↗ arXiv ↗ Hugging Face ↗ Papers with Code
TL;DR#
Current large language models (LLMs) struggle with complex mathematical problems. Existing math-specialized LLMs often lack robustness and reliable evaluation methods. There’s a need for more effective training processes and better ways to assess the quality of generated solutions.

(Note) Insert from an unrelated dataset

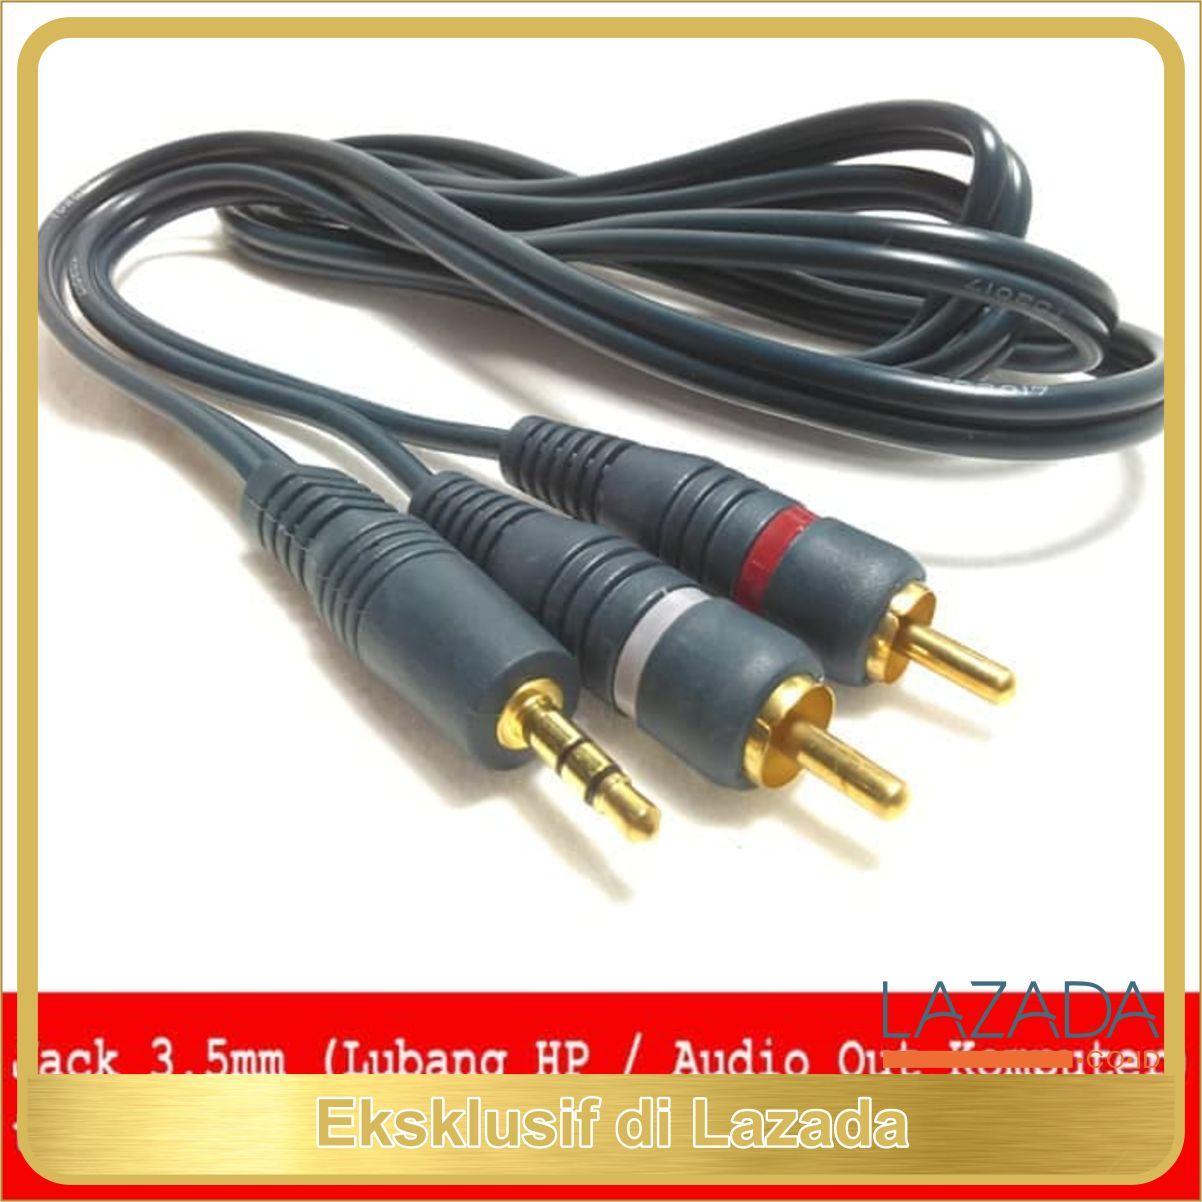 KABEL JACK 3.5MM TO RCA STEREO AUDIO UNTUK DARI HP KE SPEAKER AKTIF TERLARIS DI LAZADA

AceMath introduces a new suite of powerful math models, significantly outperforming existing systems. This is achieved through a two-stage fine-tuning process and a novel reward model, AceMath-RM. The project also introduces AceMath-RewardBench, a comprehensive benchmark for evaluating reward models. The models and datasets are open-sourced to facilitate further research.
Key Takeaways#
Why does it matter?#
This paper is crucial for researchers working on large language models (LLMs) and mathematical reasoning. AceMath pushes the boundaries of LLM capabilities in complex mathematical problem-solving, offering significant advancements in both instruction-tuned models and reward modeling. Its open-sourcing of models and datasets fosters collaboration and accelerates future research. The two-stage fine-tuning strategy and the novel reward model are particularly impactful, providing new avenues for improved LLM training and evaluation.
Visual Insights#
🔼 This figure compares the performance of AceMath models against other leading open-source and proprietary large language models (LLMs) on various math reasoning benchmarks. AceMath models consistently outperform the others. The chart displays the accuracy of each model on several benchmark datasets, including those focused on different grade levels and types of math problems. The results show AceMath’s superiority and the benefit of incorporating AceMath’s reward model (AceMath-72B-RM) for improved accuracy.
read the caption
Figure 1: AceMath versus leading open-weights and proprietary LLMs on math reasoning benchmarks. Additionally, we report rm@8 accuracy (best of 8) with our reward model AceMath-72B-RM and use the official reported numbers from Qwen2.5-Math.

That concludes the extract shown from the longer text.